= English language institute =

Education department

An English language institute (ELIs) or English language centre (ELCs) is a department within a college or university in English-speaking countries that aims to develop students' English language skills for a variety of purposes. In countries like New Zealand, ELCs accounted for one-fifth of the NZ$1.1 billion in revenue (2001).

Many schools began their department to provide English for academic purposes (EAP) programming to support the needs of the respective schools to meet the school's necessary English language requirements for admission and increase international student enrolment to include students with English as a second or foreign language. Steadily, many ELIs have grown in recent years to support institutional missions for increased efforts for internationalisation as well as revenue generation.

== Types of English language programs ==
Increasingly, ELIs have grown to provide a variety of program and service offerings including:

- English for academic purposes (EAP)
- Discipline-specific English language provision, such as Business English, English for the sciences, English for medical professionals
- General English: learning English for conversation and non-academic purposes
- English language testing services, such as IELTS or TOEFL provision
- Teaching English as an additional language training

To meet the traditional needs of English language learners, many ELIs have adopted or partnered with international student services on their campus to provide sociocultural integration, language acquisition, academic and career preparedness, and immigration support.

== Staff ==
ELIs consist of a variety of staff representing a variety of areas within their department, including:

- Instructors: teachers who possess a teaching certification of some form for teaching English to speakers of other languages (TESOL). Most instructors possess an undergraduate or graduate degree in areas of the humanities, including linguistics, social studies, literature, philosophy, modern languages, or history, and will subsequently have had to master specialist TESOL subject areas.
- Professional development: as many TESOL certifications require ongoing professional development annually in order to maintain accreditation, typically most departments have staff whose full load or partial load responsibility involve coordinating professional development opportunities for English language instructors and staff.
- Marketing and recruitment: recognising that many ELIs are considered high revenue generators for their respective institutions, many departments have a complement of marketing and recruitment staff who travel internationally or work with agents to recruit English language learners to their institution.
- Student experience and activities: staff are designated to support in coordinating co-curricular programming to support English language learners in their language development outside of the classroom, transitional support to Canadian life, and experience life in Canada through a variety of activities.

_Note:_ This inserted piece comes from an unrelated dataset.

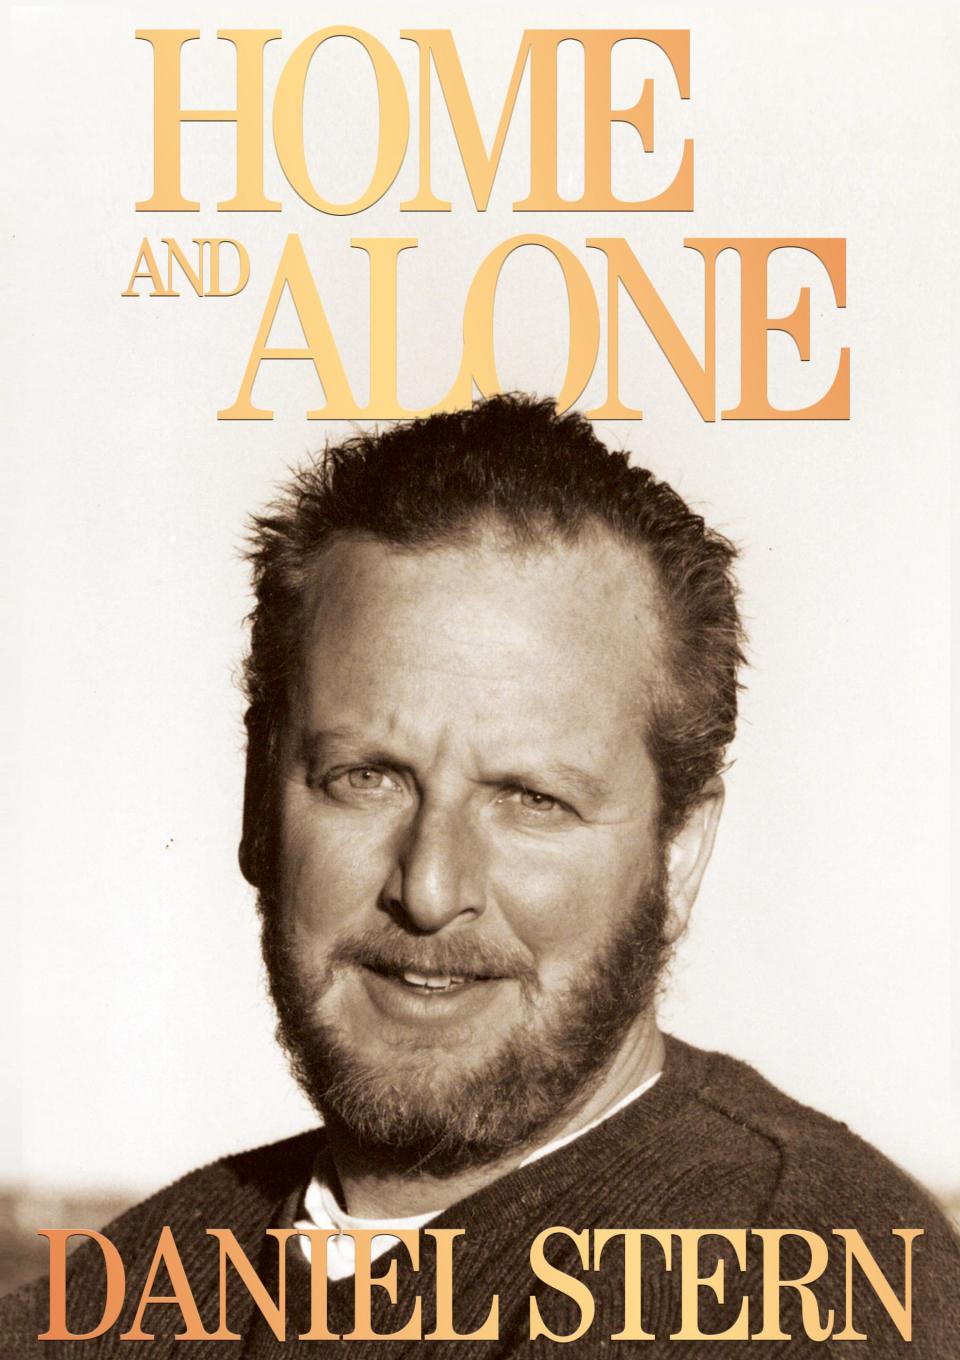 Daniel Stern, celebrated for his role of burglar Marv in the Christmas classic "Home Alone," has written a memoir, "Home and Alone."

Many staff members also provide advising support, including university/college application assistance.
- Administrative support: administrative support in ELIs help to generate letters of acceptance for English language learners to apply for their respective study permits/visas, response to front-line inquiries, and also coordinate administrative support for agents.
- Administration: administration in an ELI helps to oversee curriculum for its respective language programs to ensure it meets the necessary language requirements, such as the Common European Framework of Reference.
- Homestay/Housing professionals: these individuals help to coordinate accommodations for the English language learners during their studies. Many ELIs decide to outsource this service to many local homestay organisations in their specific region.

== Accreditation bodies for ELIs ==
Many ELIs and ELCs belong to accreditation bodies that serve to maintain quality assurance of language programs offered. In Canada, Languages Canada serves as an accreditation organization for more than 210 language education programs in the country. In the United States, the Commission on English Language Program Accreditation serves to "promote excellence in the field of English language teaching and administration, as well as to protect the interests of students, through accreditation of English language programs and institutions worldwide".

Accreditation bodies frequently work to assess more than just curriculum in the programs, but in the case of Languages Canada, also examines quality in areas related to student services, teaching staff, marketing and promotion, administration, and student admissions processes.